Dix-sept ans durant, il résistera à l’invasion des troupes françaises.
Créateur d’un embryon d’Etat, il est sans doute le père de la nation algérienne.
Proclamé émir en 1832, à l’âge de 24 ans, Abdelkader Ibn Mahieddine est issu d’une confrérie religieuse implantée dans l’Ouest algérien et au Maroc. L’allégeance des grandes tribus de la région de la région de Mascara, de Tiaret et de Miliana lui permet d’organiser la résistance aux forces coloniales. Brillant stratège, Abdelkader accumule les victoires contre les troupes du maréchal Bugeaud, mais, trahi par les siens et lâchés par ses alliés marocains, il finit, en 1844, par perdre sa smala, véritable capitale volante qu’il dressait au gré des batailles et de ses déplacements dernière les lignes de front.

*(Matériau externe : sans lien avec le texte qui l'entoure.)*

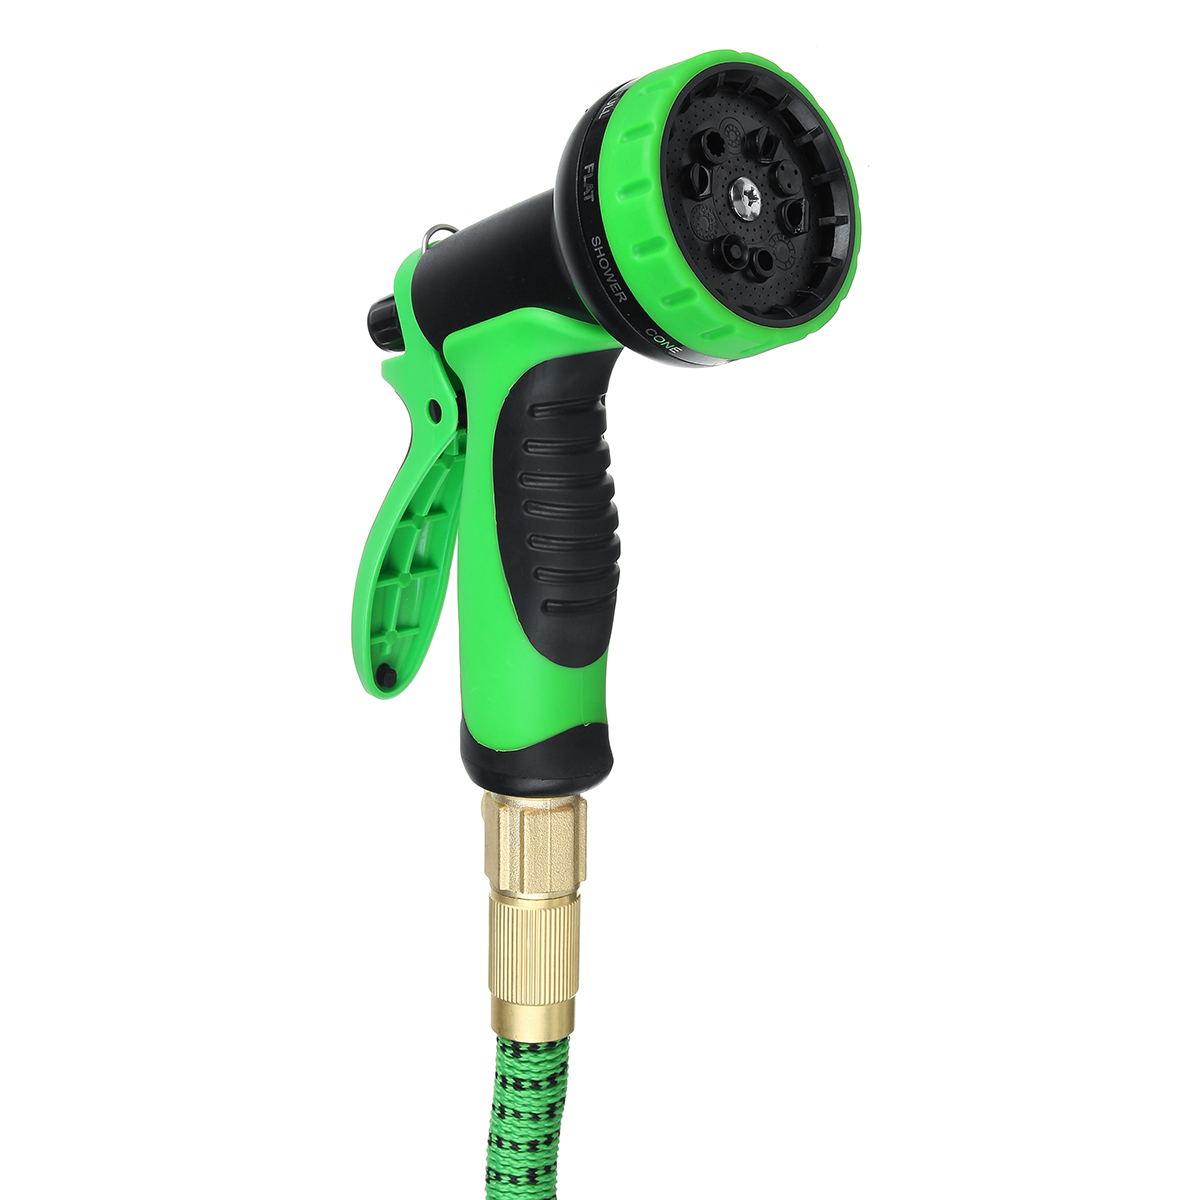 50/75/100FT Upgraded Expandable Garden Water Hose Function Spray Nozzle Green
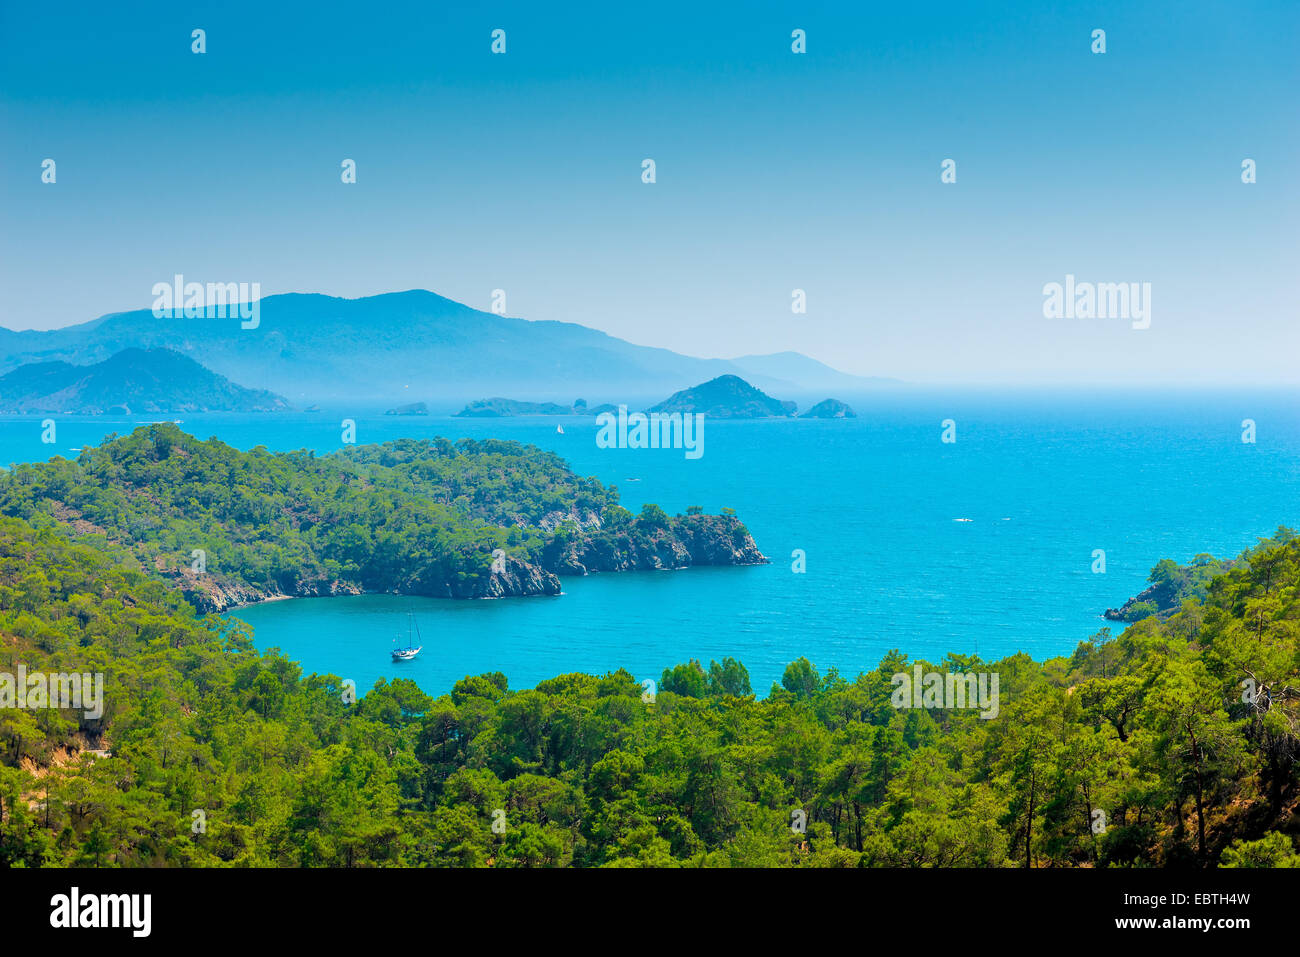 stunning seascape and pine forests on the mountains Stock Photo

Tombé dans une embuscade en 1847, il est emprisonné en France, puis, en 1855, banni en Syrie, où il ne restera pas inactif : soufi convaincu, il prendra la défense de la minorité chrétienne de Damas, lors d’émeutes confessionnelles. Les dernières années de sa vie seront consacrées à la rédaction d’œuvres mystiques et à des échanges épistolaires avec les francs-maçons et les chefs religieux du Caucase. Il meurt en 1883.
L’émir Abdelkader est considéré comme le père de la nation algérienne. C’est lui qui, le premier, mettra en place un embryon d’Etat.